По стенам, по сводам вилась роспись, будто выпуклая, невиданно, не по-иконному живая; в упор глядели сверхчеловечески огромные лики; была непостижима для глаза тонкость сотен мельчайших изображений. В яри, в лазури, в златом блеске вилась роспись. И палата казалась золотой.
Царь сидел на возвышении. Казаки увидели обращенные на них глаза царя на очень худом лице – и бухнули в ноги, не глядя.
Раздался звучный голос:
– Встаньте. Ты встань, Иван Кольцо. И товарищи твои.

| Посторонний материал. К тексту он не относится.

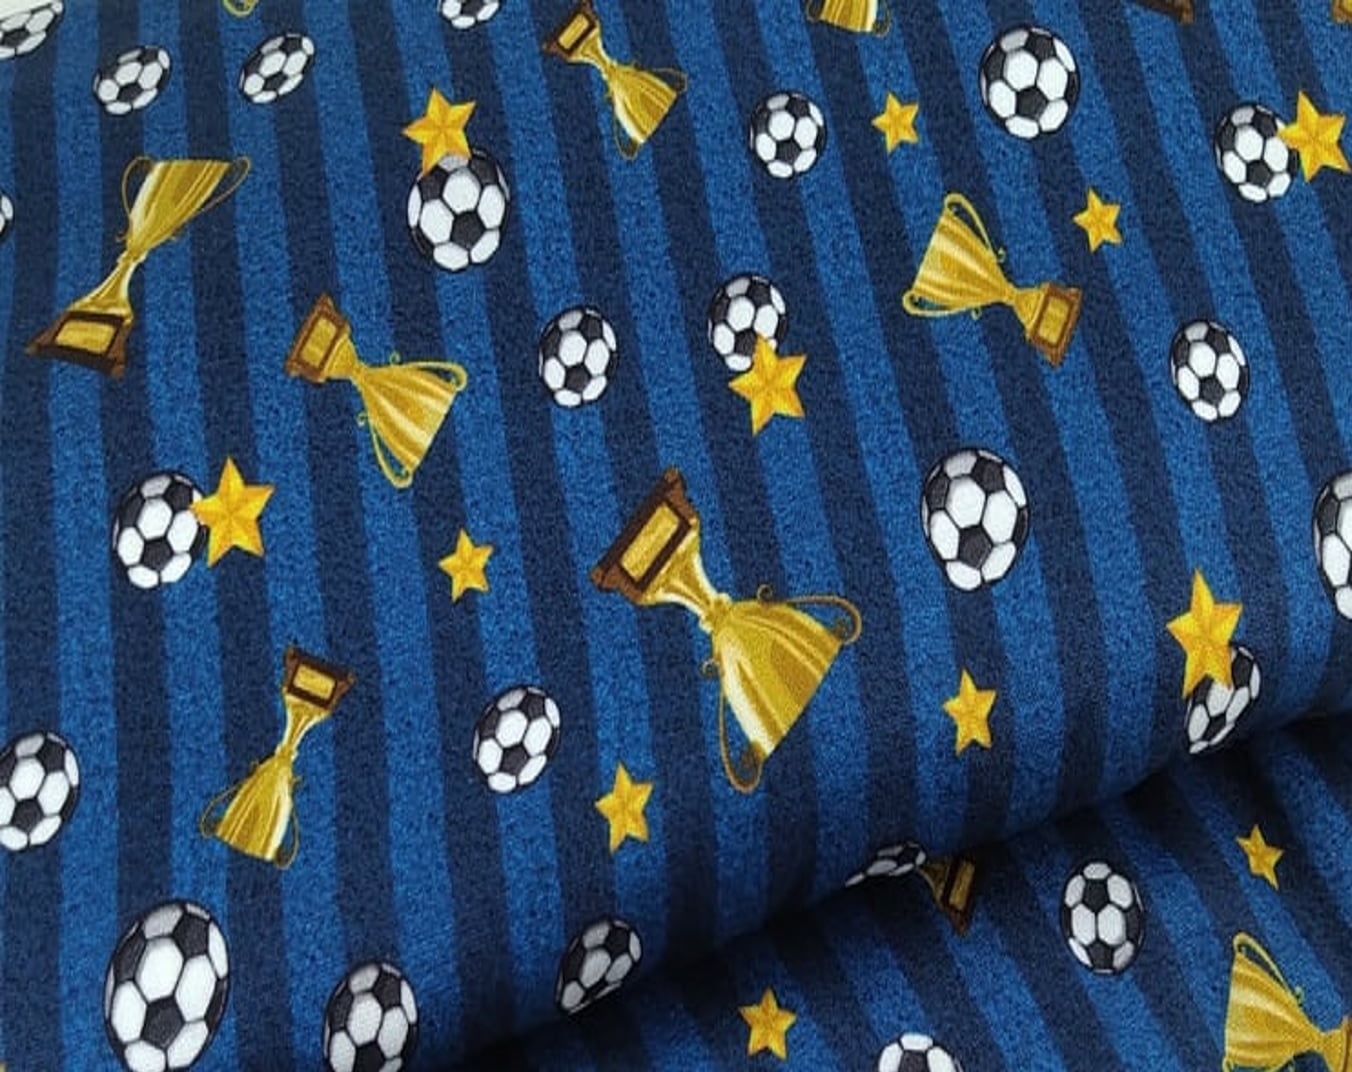 Tecido Tricoline Digital Bolas De Futebol e Troféus - Fundo Listrado Azul

Не сразу решились подняться. Царь сказал:
– Ближе подойдите. Не бойтесь. Верным рабам, не лукавым, нечего бояться.
С минуту он озирал казаков неуловимо быстрым взглядом. Потом произнес, как будто и раньше был об этом разговор:
– Дьяки уж сочли все сибирские богатства. Да дьякам нашим где с Кучумом воевать – им в подьяческий полк на Москву-реку выйти в тягость великую. Тебя, Кольцо, послушаем со боярами честными.
И после этих слов царя Кольцо сверкнул белыми зубами и вытащил из шапки криво исписанный лист. Ильин подивился – то была челобитная Ермака. Кольцо и не заикнулся о ней в приказе. А сейчас он принялся по складам, запинаясь читать. Царь слушал недолгое время, усмехнулся, прервал и велел одному из стоящих вблизи бояр принять челобитную. Теперь он ждал, видимо, рассказа Кольца, и Кольцо неловко потоптался, не зная, что сказать. Стало тихо, Ильин слышал дыхание многих людей, наполнявших палату. Тогда царь, скользнув вокруг взглядом, начал спрашивать. Он спросил о дорогах, о городах, о реках, о рухляди – о богатстве, какое есть и какое можно добыть; о припасах, людях и здоров ли сибирский воздух, красны ли леса. Ильин, стоя праздно, жадно разглядывал царя. Царь подался вперед, ухватившись за подлокотник, – рука была узловатой, нос с горбинкой, вислый и тонкий, а рот большой, с опущенными углами. И словно опалены темные впалые щеки.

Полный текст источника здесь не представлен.